Lines 14 to 22 in 6bbf452

install_requires=[
"cdms2",
"matplotlib",
"scipy",
"scikit-image",
"pandas",
"cdutil",
"basemap",
"networkx",

On the other hand, your installation instructions don't mention pip and instead recommend manually creating a new conda environment from scratch. The instructions are mostly about how to create conda environments. This does not adhere to best practices for distributing python code. For example, what if you want to use this package in an existing environment? Do you have to create a new environment?

A better solution would be to provide working pip and / or conda-forge packages which automatically check for and, if needed, install the required dependencies on installation. This would allow the user to simply run pip install ipart or conda install -c conda-forge ipart. Could you provide a pip or conda-forge package for this software?

A related issue is whether the user is required to clone the master repository in order to use the software. I notice that there are various scripts and notebooks that are part of the repo but not the package itself. Are these required or optional. Again, this is not a standard practice for scientific python software. I recommend that users only be required to interact with the git repository if they wish to contribute to IPART development. Otherwise a pip / conda install should be sufficient to use the software.

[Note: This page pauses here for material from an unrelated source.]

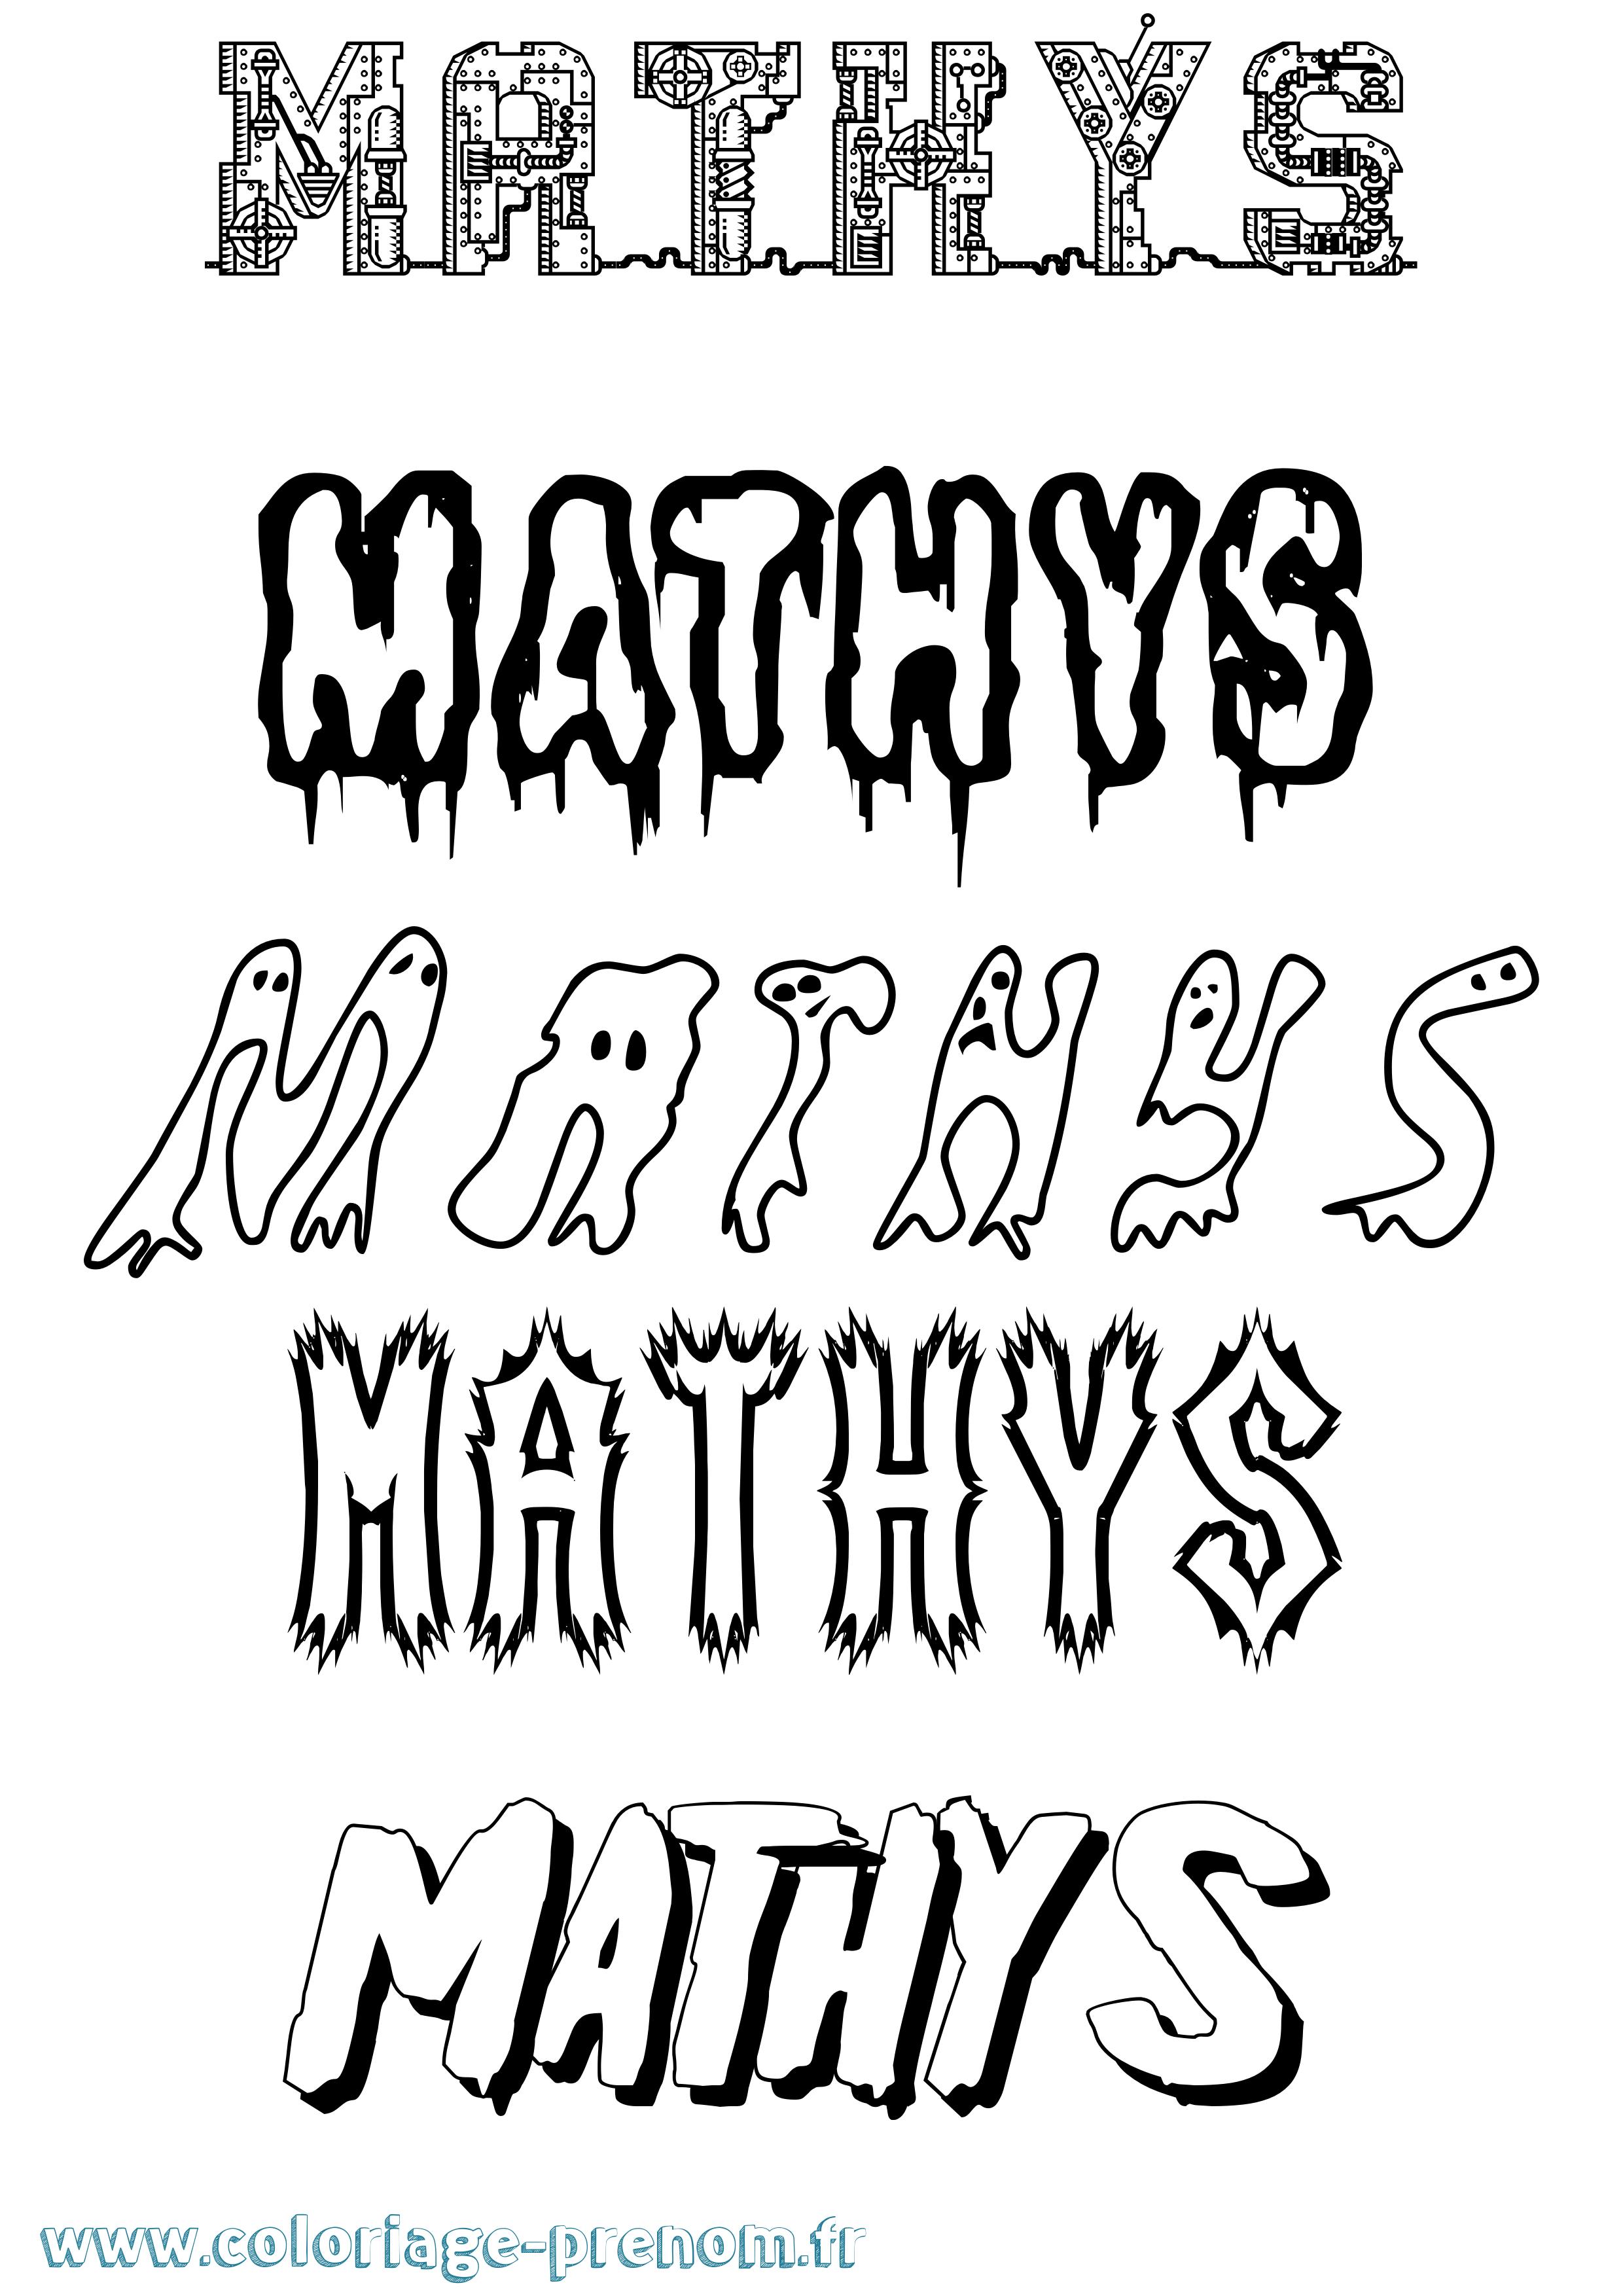 Coloriage du prénom Mathys : à Imprimer ou Télécharger ...
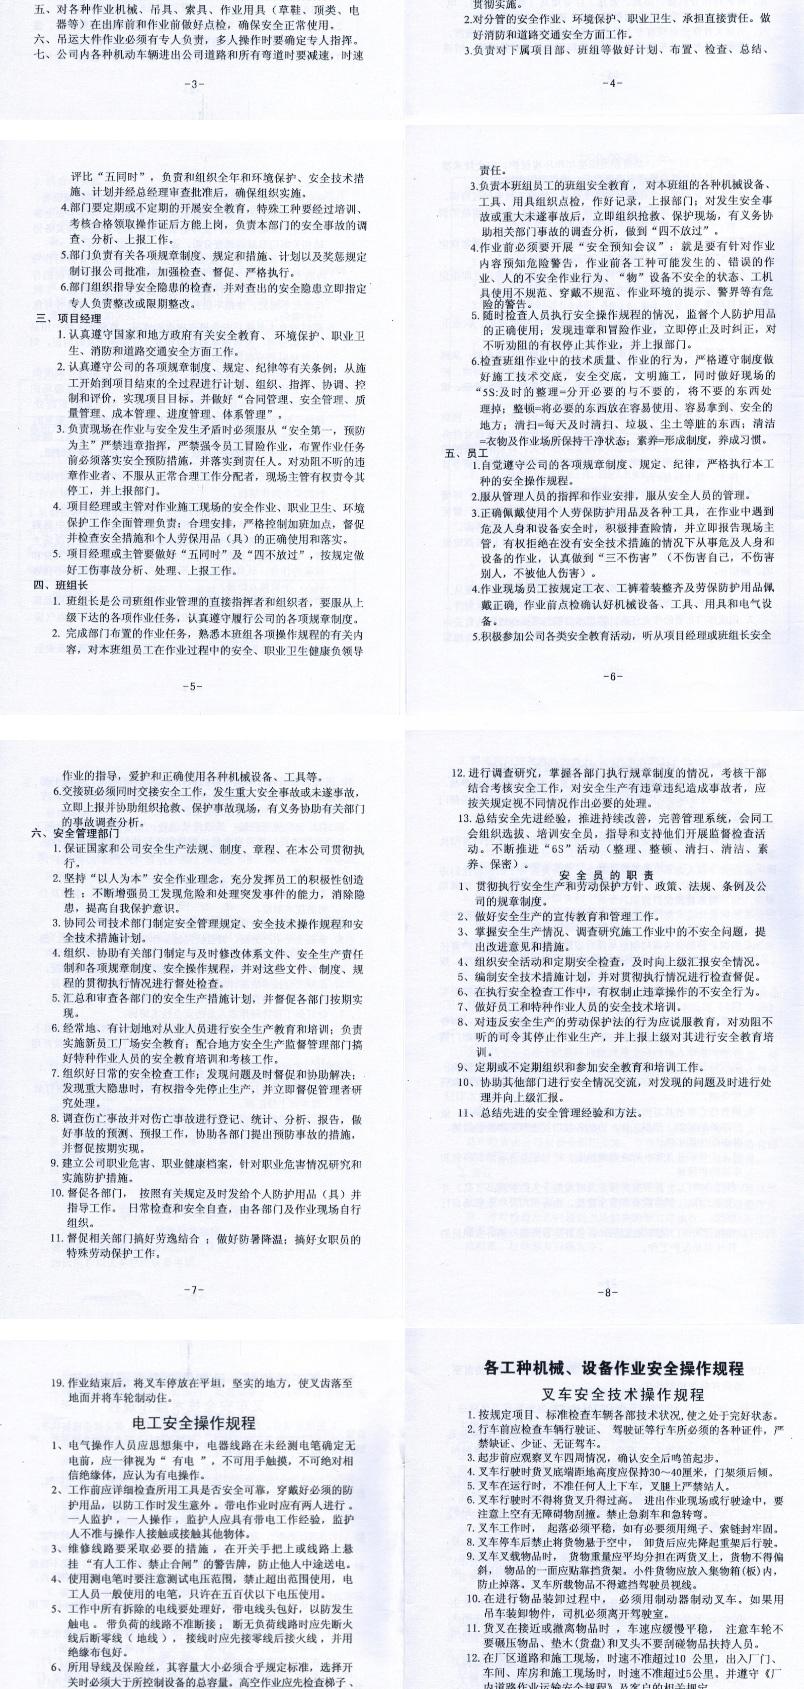 安全手册-安达利机电bob手机工程有限公司_02.jpg

Making these changes would also help resolve #2.

@rabernat
Copy link
Author

To support these suggestions, here are some references about how to properly package python software:

@Xunius
Copy link
Collaborator

Xunius commented Jul 30, 2020

@rabernat Thanks for the comments. I ran into some difficulties addressing these issues.

I tried to upload to PyPI, but it seems that basemap is no longer install-able using pip:

(test) 😷:~$ pip3 install basemap
ERROR: Could not find a version that satisfies the requirement basemap (from versions: none)
ERROR: No matching distribution found for basemap

So it won't work as a dependency.

Then I tried building a conda package, but failed again. Previously I managed to conda-build a cdat-lite based version for py2, I don't know what changes I made that make the new attempts fail. The trackback starts from a line of license='GPL-3 (see below), which is really confusing.

This is my meta.yml:

package:
    name: ipart
    version: '2.0'
source:
    git_url: https://github.com/ihesp/IPART.git
    git_tag: master
build:
    number: 0
requirements:
    build:
        - python
    run:
        - python 3.7*
        - numpy>=1.16
        - scipy
        - netcdf4
        - pandas
        - scikit-image
        - networkx
        - matplotlib
        - basemap
about:
    home: https://github.com/ihesp/IPART
    license: GPL-3.0

The build.sh:

#!/bin/bash
python setup.py install

Both build.sh and meta.yml are in a folder ipart, which also contains a LICENSE and a bld.bat.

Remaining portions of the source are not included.